EXTRACTED DATA:
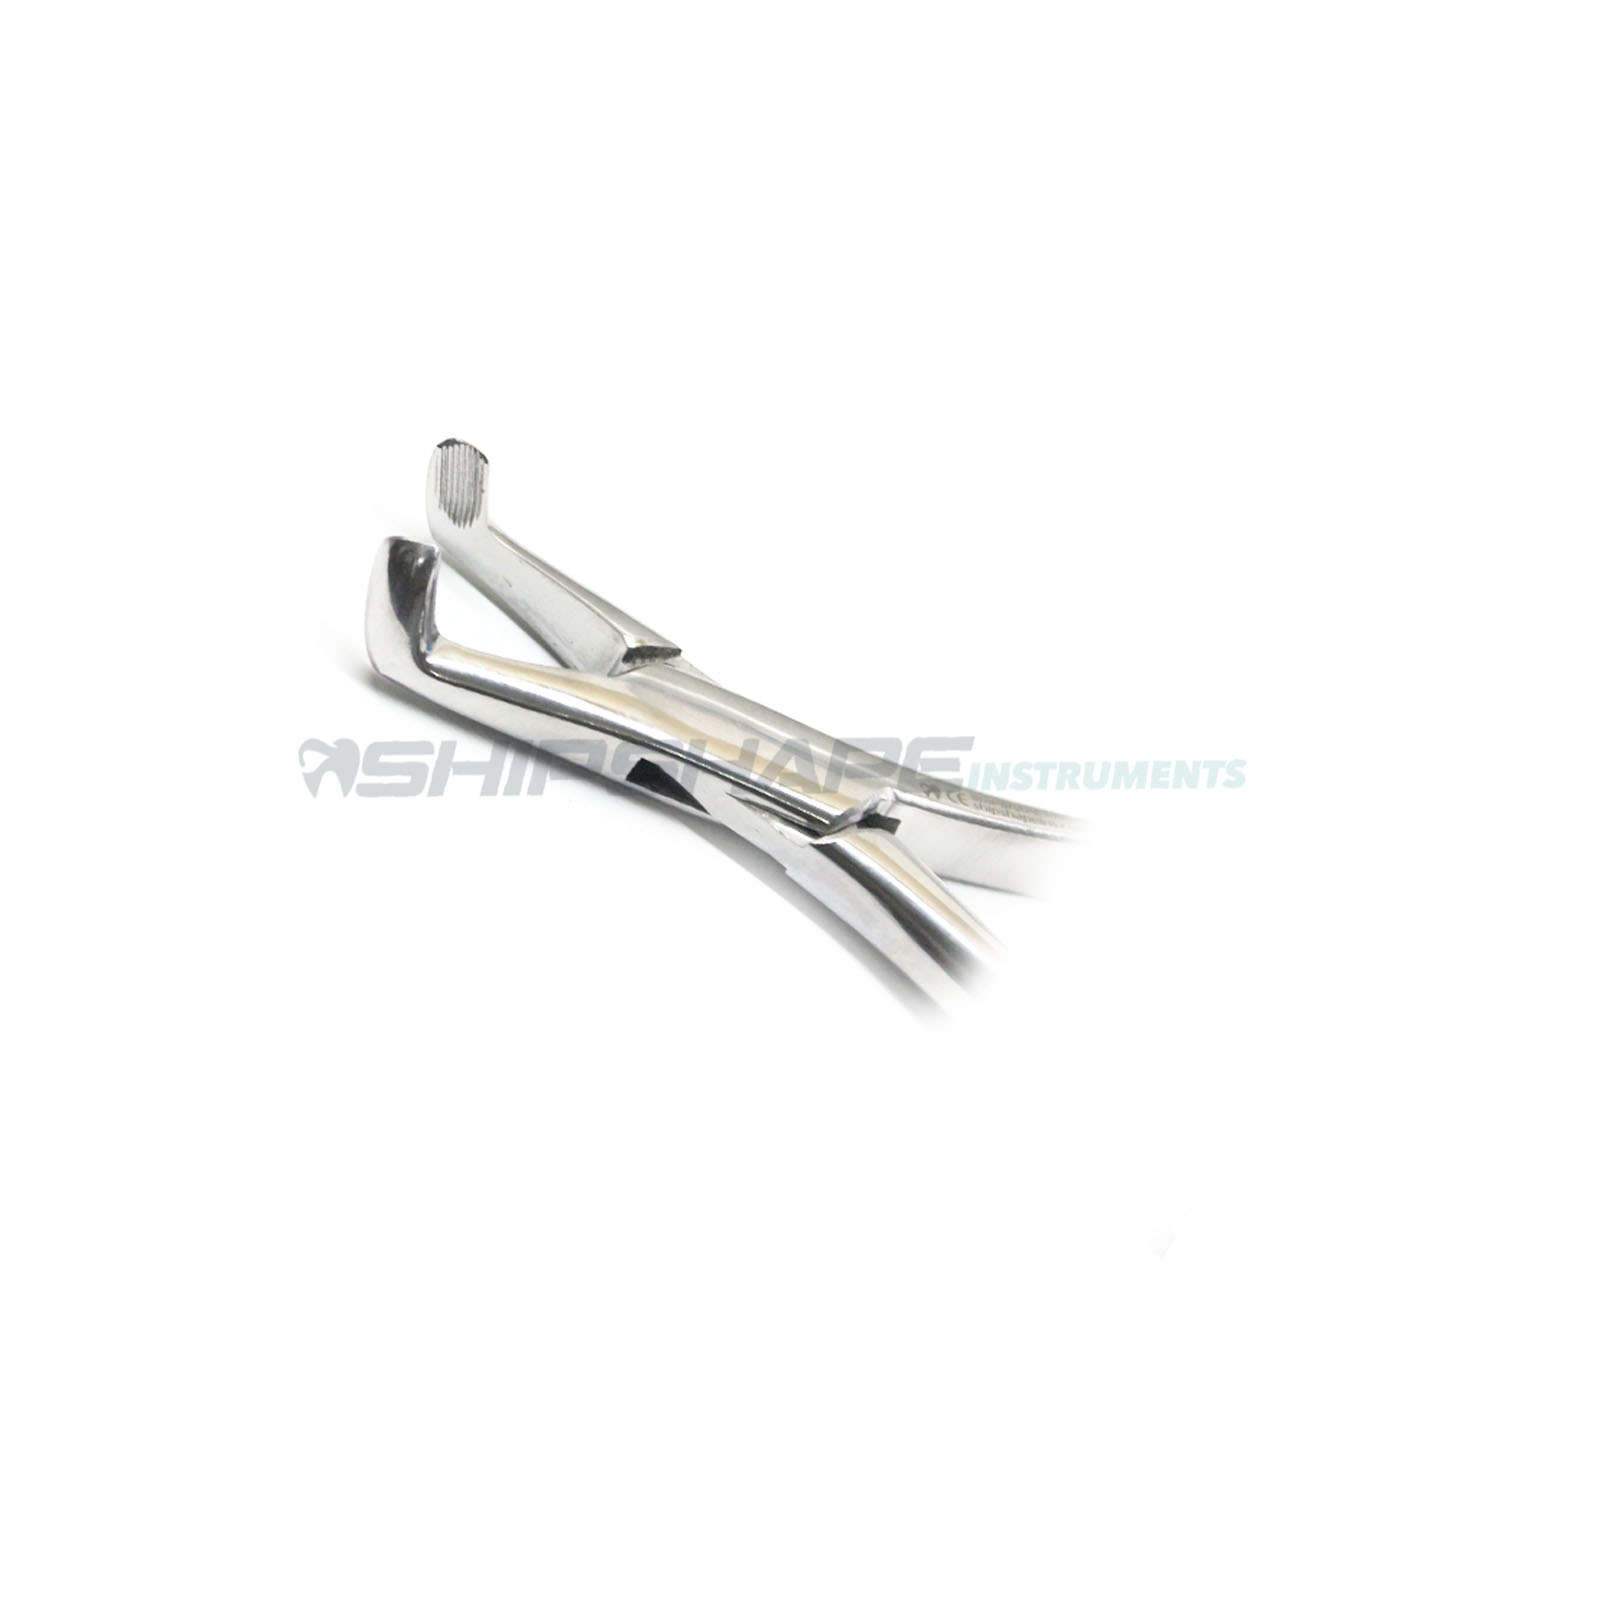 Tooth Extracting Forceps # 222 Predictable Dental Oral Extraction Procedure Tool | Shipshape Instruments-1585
...
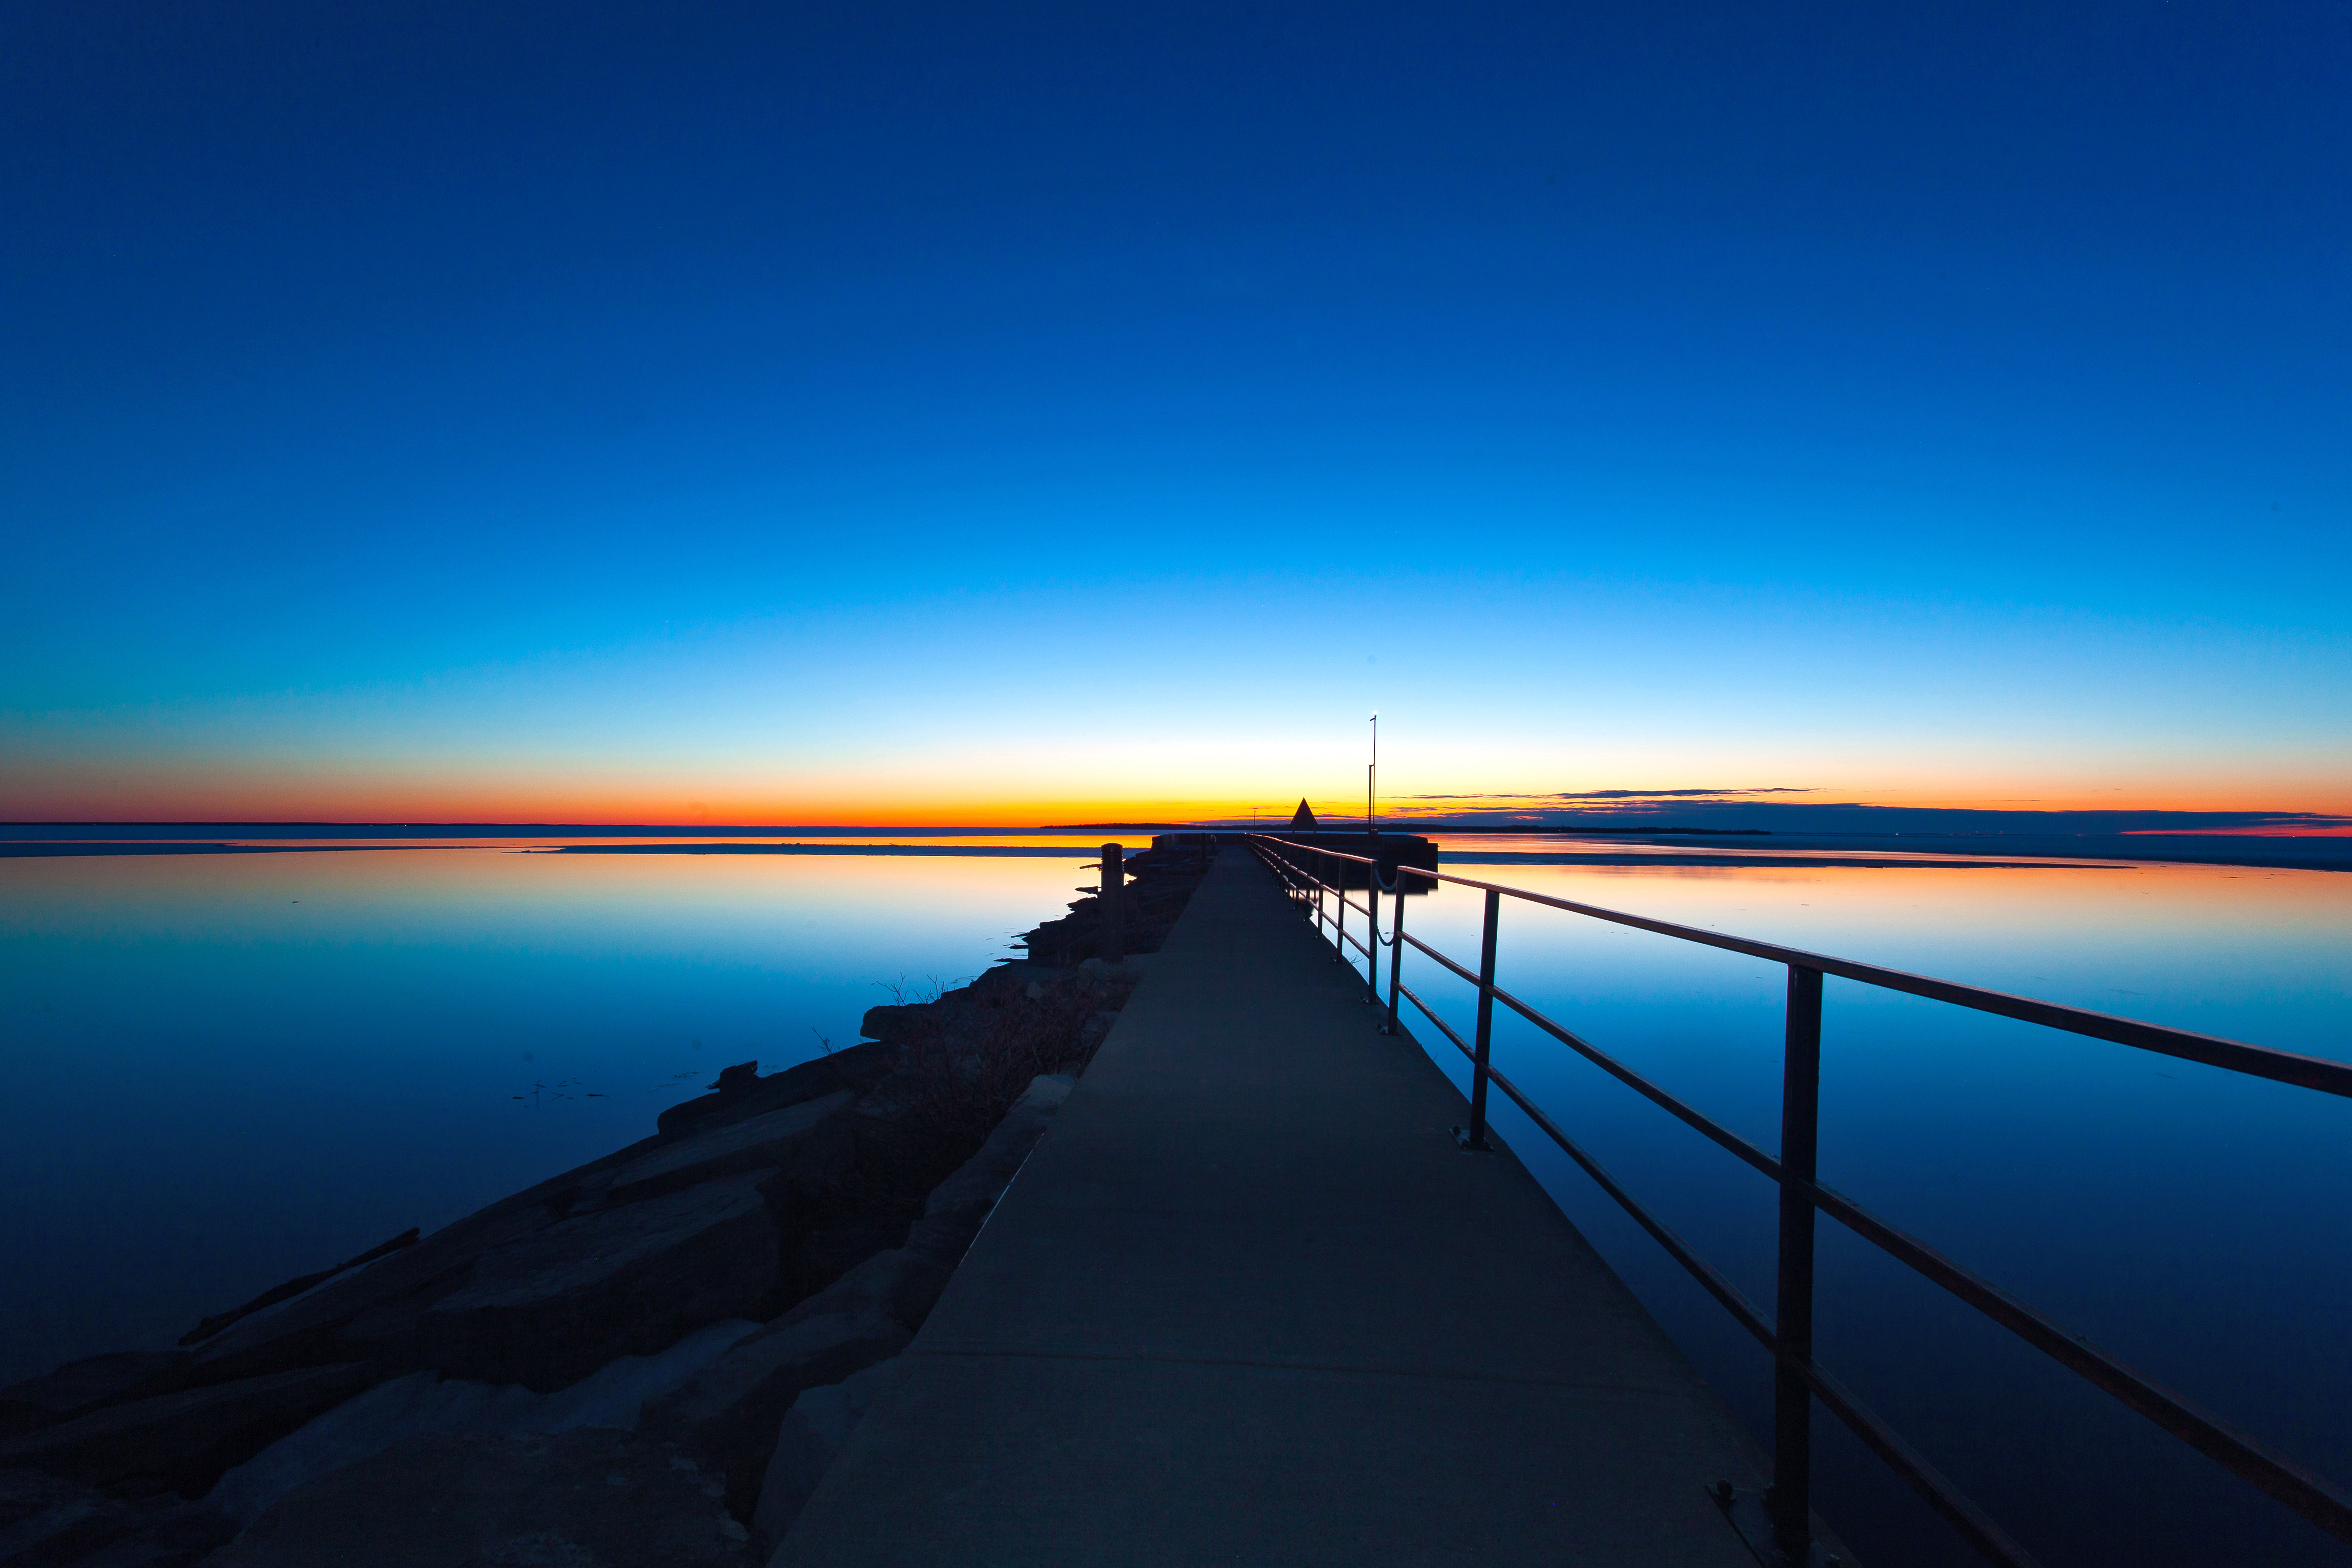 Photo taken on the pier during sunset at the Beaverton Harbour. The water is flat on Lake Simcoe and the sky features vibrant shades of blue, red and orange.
...
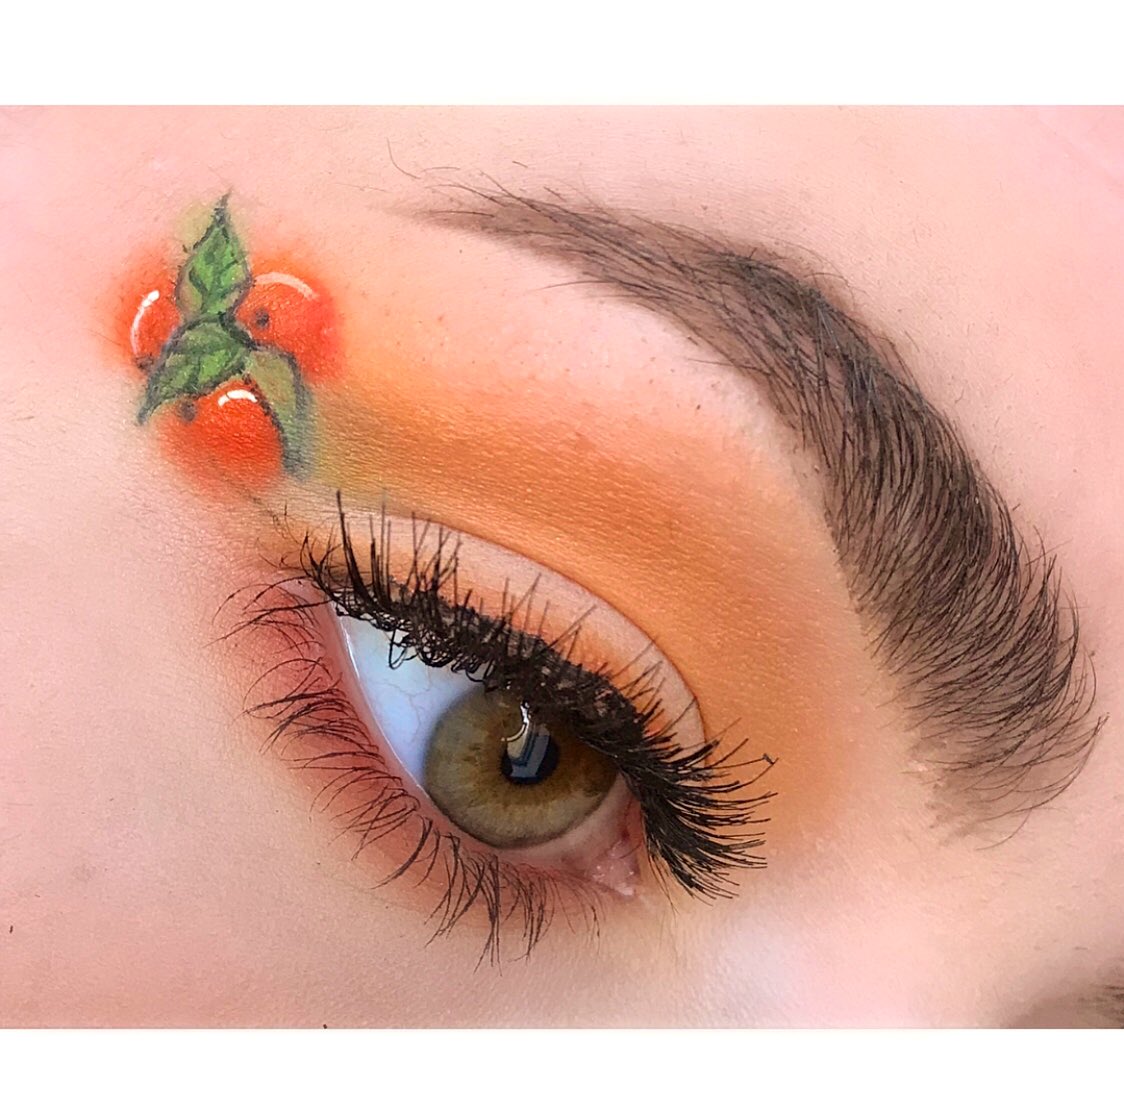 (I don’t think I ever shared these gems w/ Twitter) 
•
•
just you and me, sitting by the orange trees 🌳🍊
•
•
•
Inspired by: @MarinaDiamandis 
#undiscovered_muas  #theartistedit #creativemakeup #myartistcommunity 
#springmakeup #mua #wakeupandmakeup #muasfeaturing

EXERCISE INSTRUCTIONS:
Beginning at the line with "Inspired by: @MarinaDiamandis" and ending at the line with "#springmakeup #mua #wakeupandmakeup", reproduce each line of the data above exactly, and add no other lines.

RESPONSE:
Inspired by: @MarinaDiamandis 
#undiscovered_muas  #theartistedit #creativemakeup #myartistcommunity 
#springmakeup #mua #wakeupandmakeup #muasfeaturing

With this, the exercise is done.